Quote the whole listing exactly. Leave the pictures out of your copy.

**COLLECTED MATERIAL**
*** Begin section ***

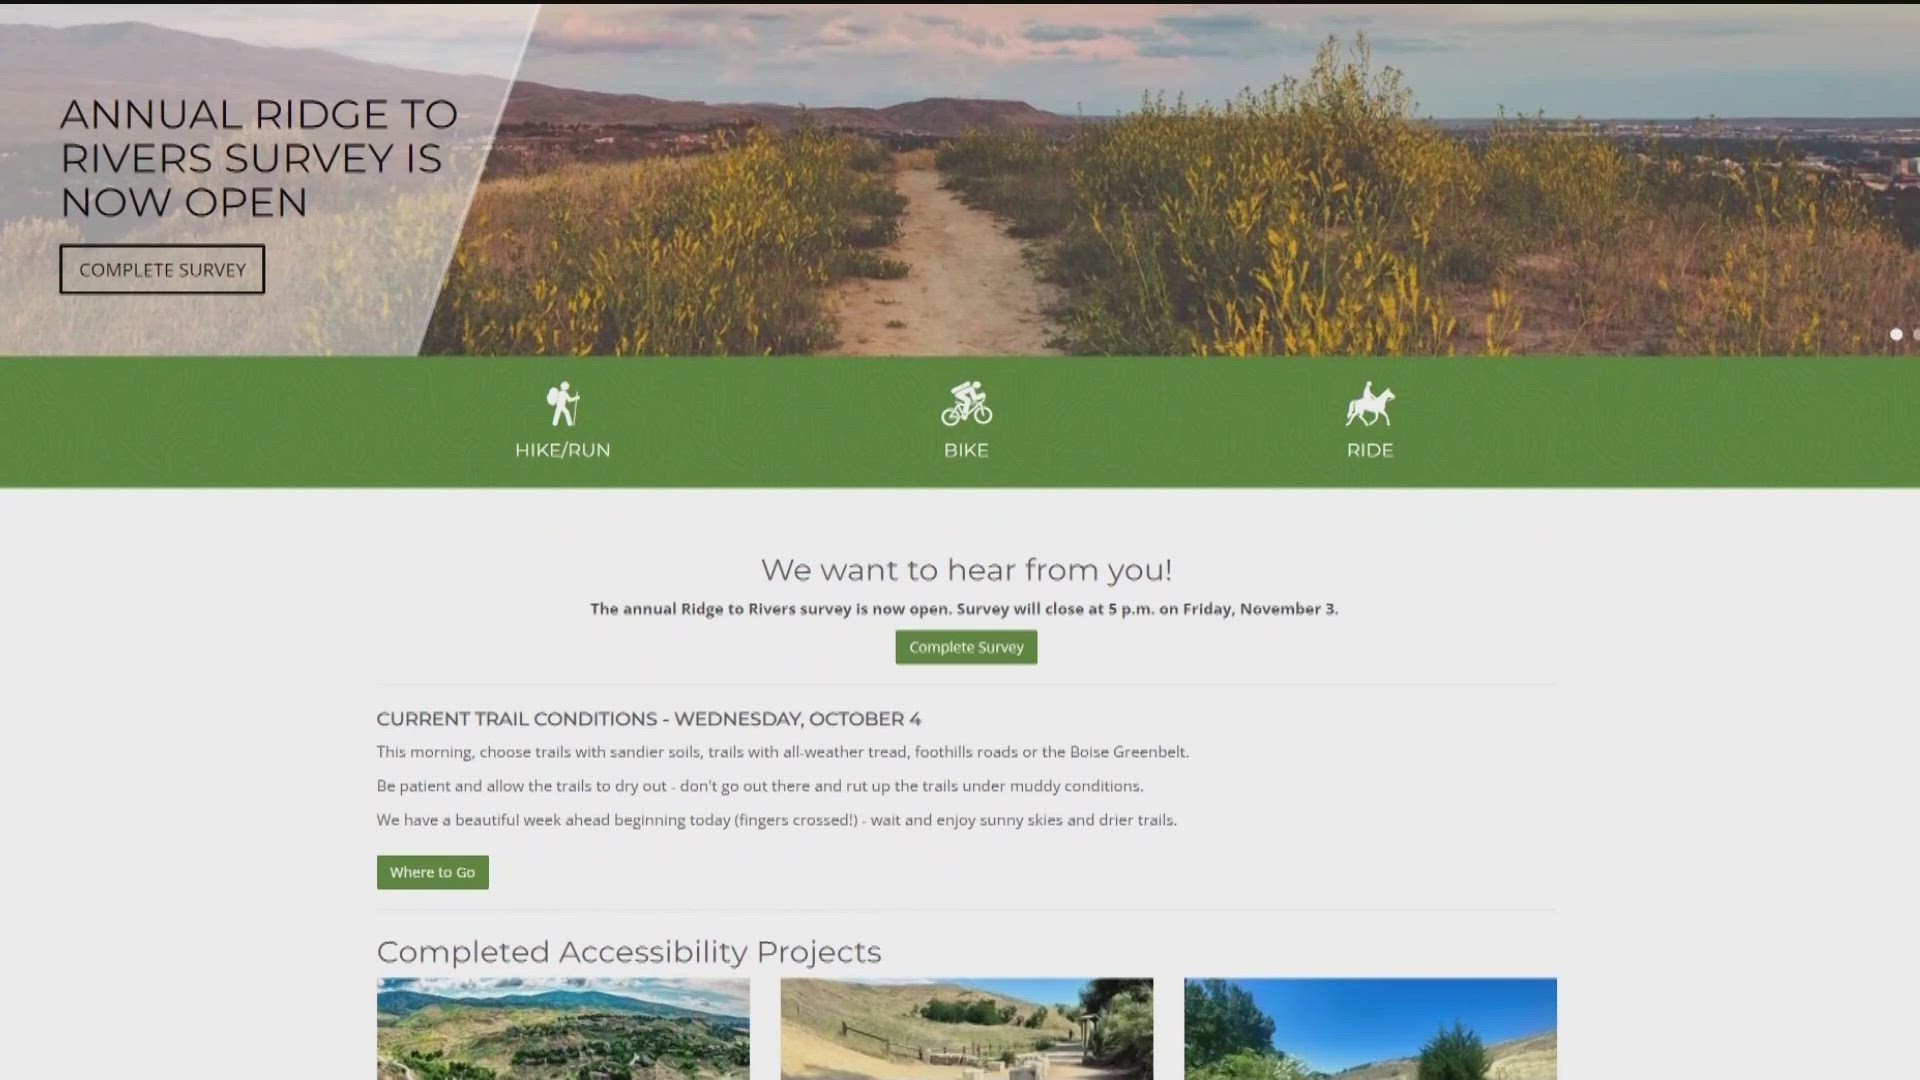 The survey has 15 questions, and organizers will gather feedback to better the foothill trails.
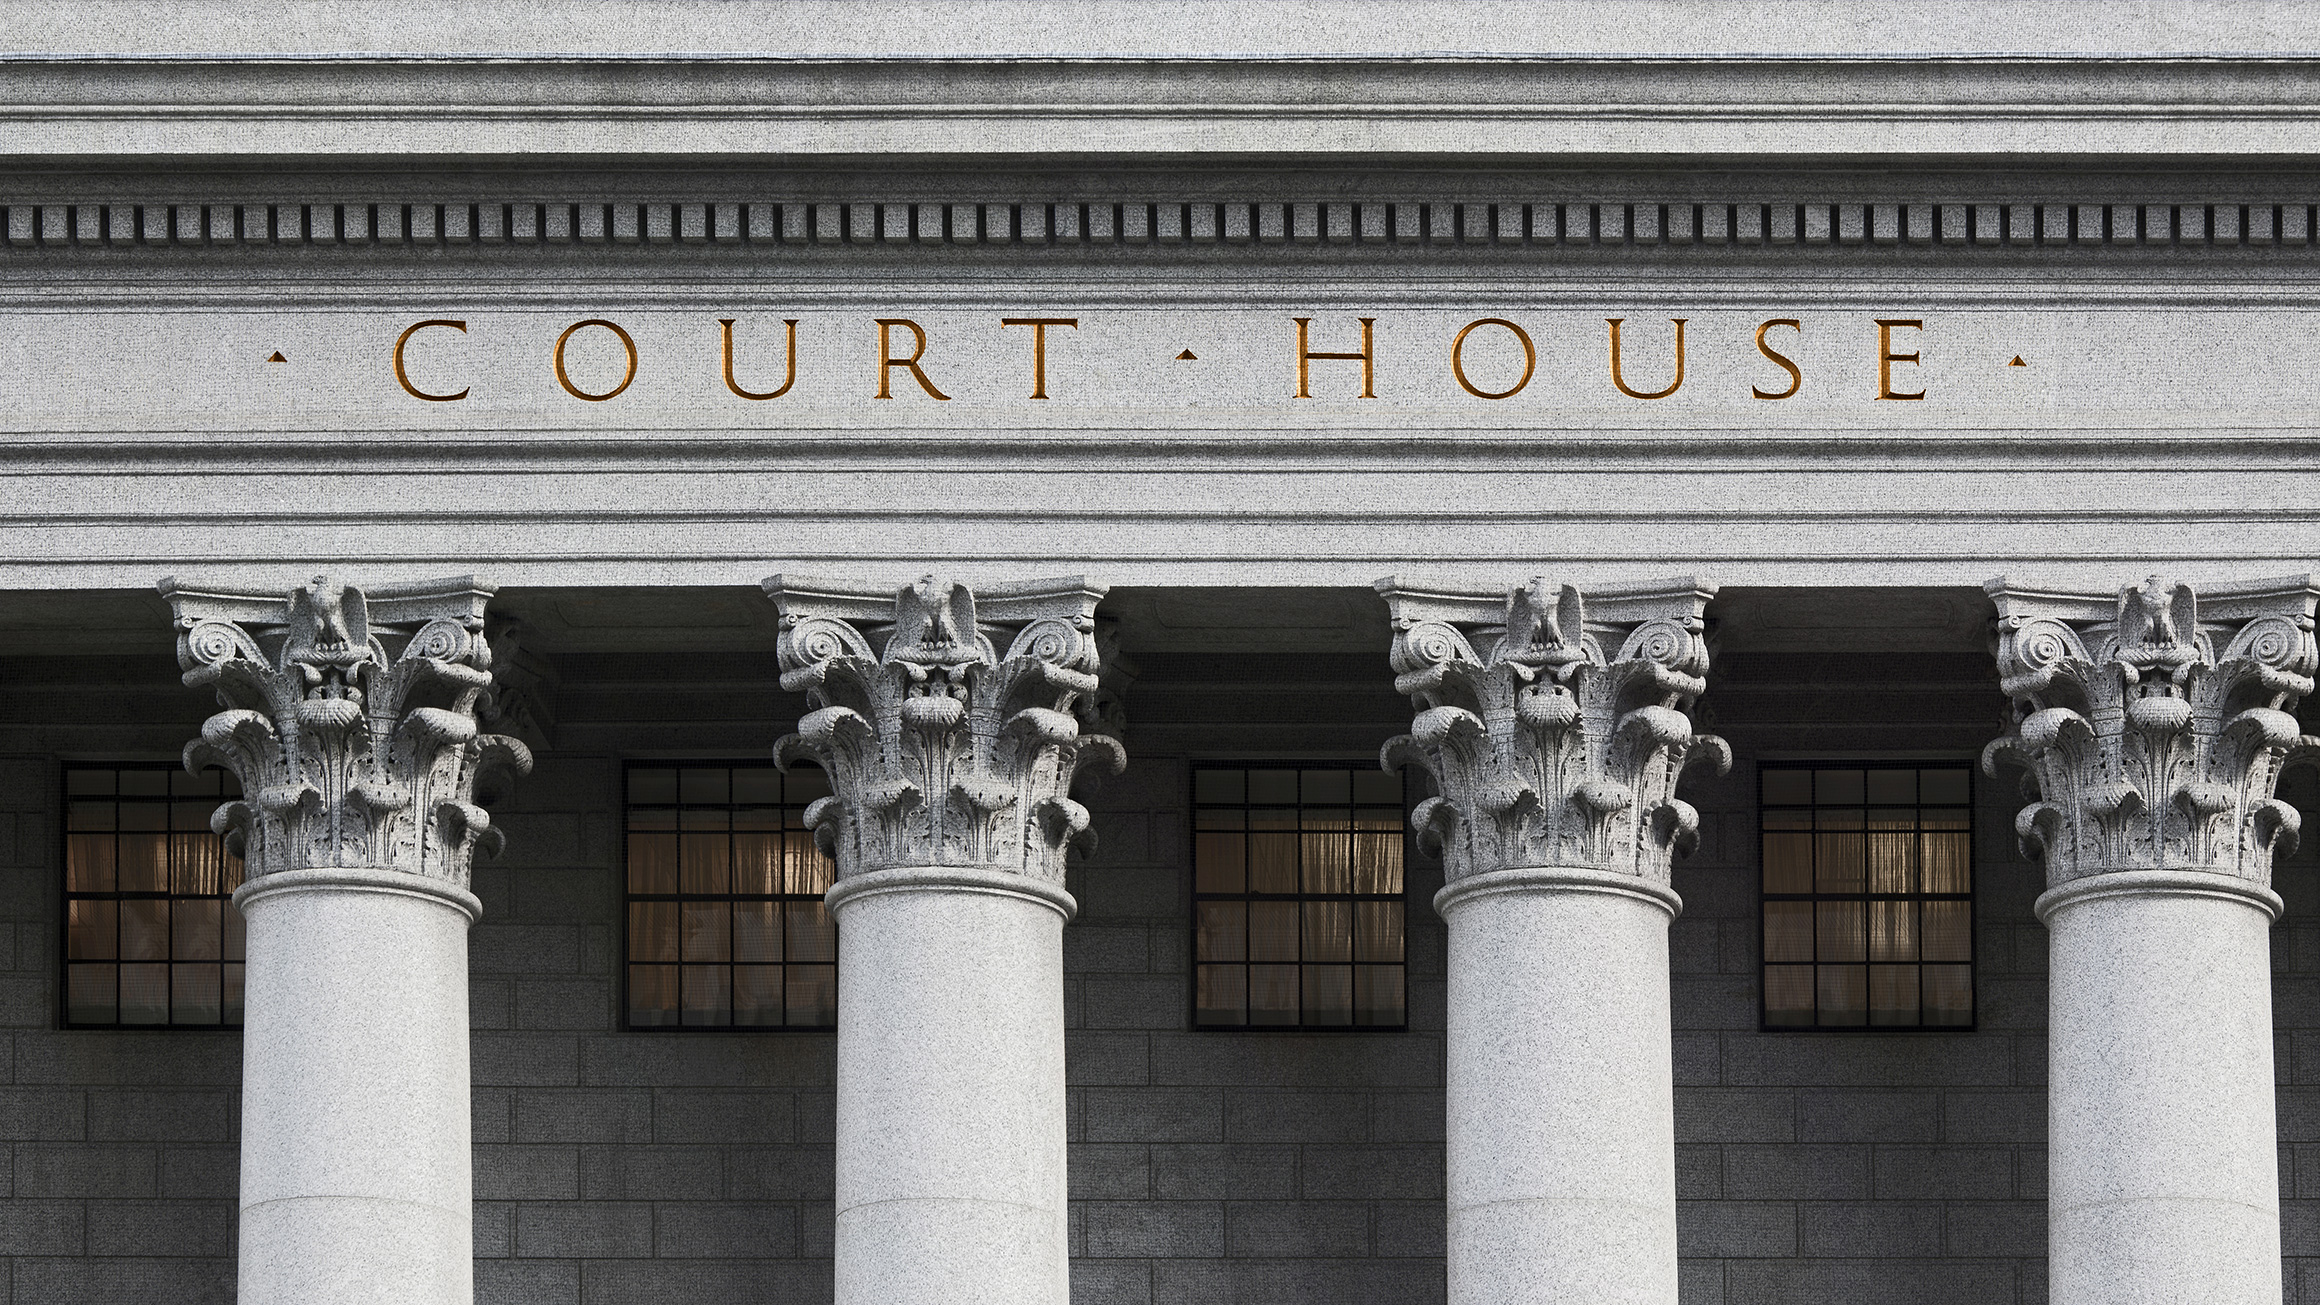 The word "courthouse" appears at the top of a building with four columns showing
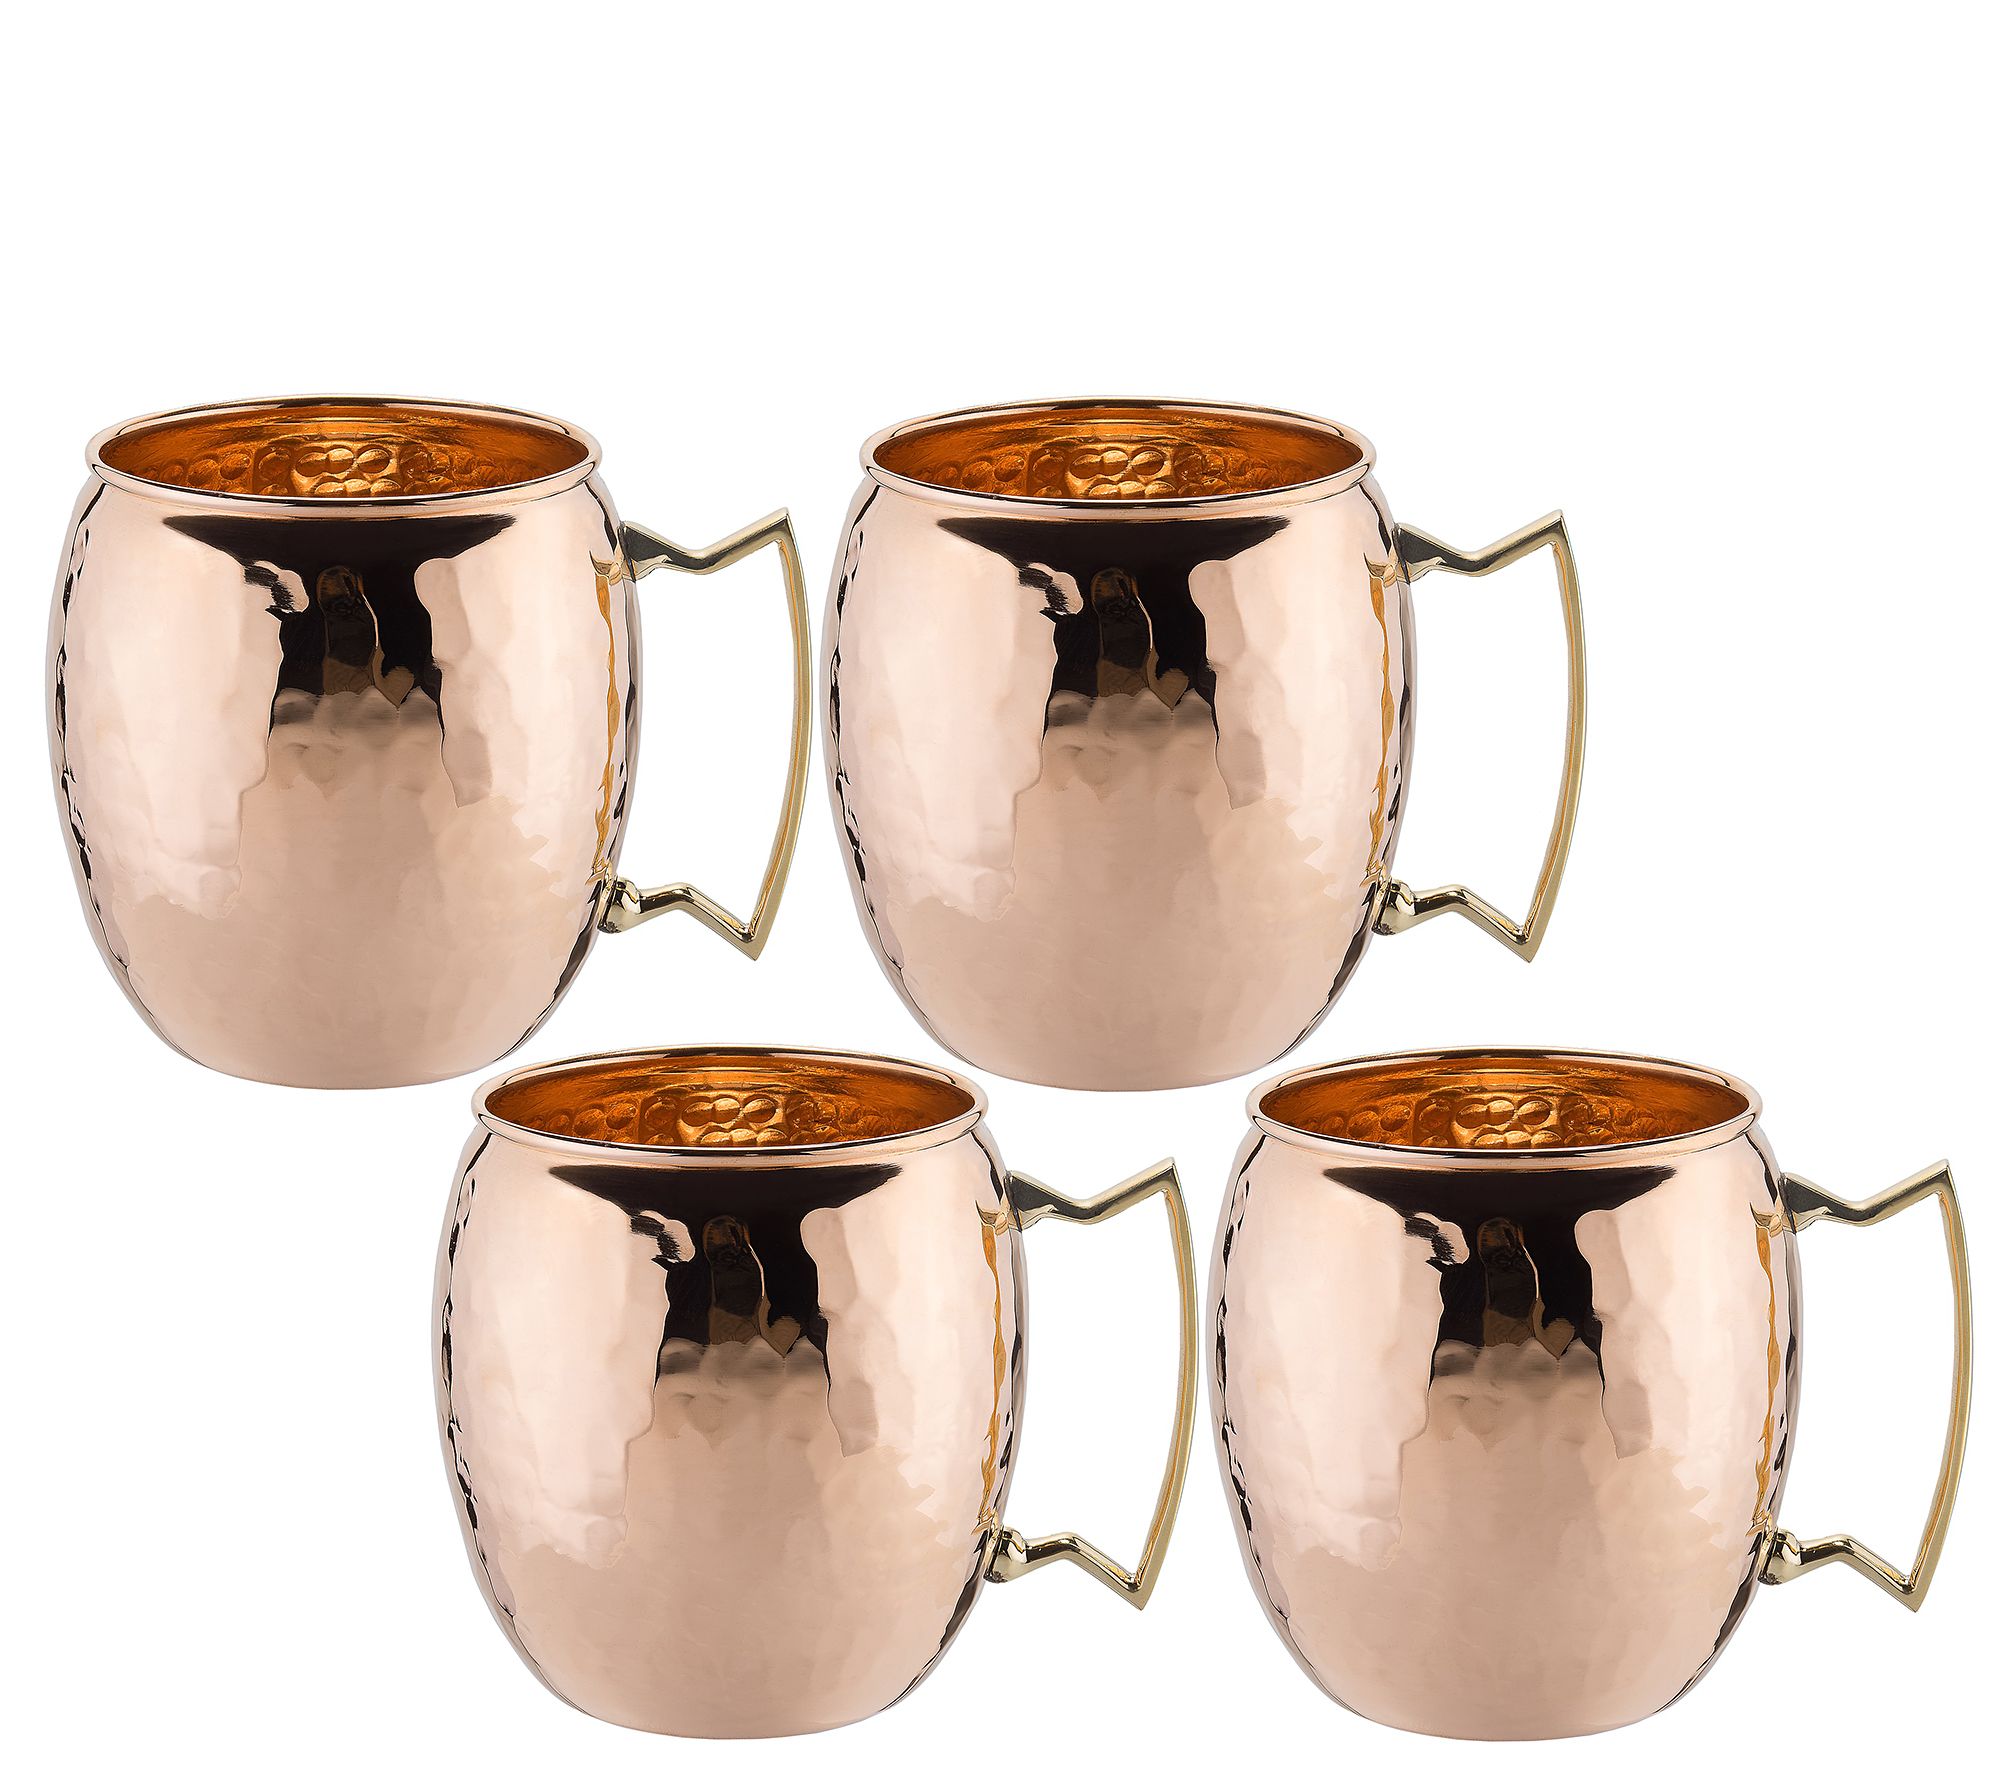 14-Ounce Old Dutch Straight Sided Moscow Mule Mug Set of 4

*** End section ***

**SOLUTION TO THIS EXERCISE**
 The survey has 15 questions, and organizers will gather feedback to better the foothill trails.
 The word "courthouse" appears at the top of a building with four columns showing
 14-Ounce Old Dutch Straight Sided Moscow Mule Mug Set of 4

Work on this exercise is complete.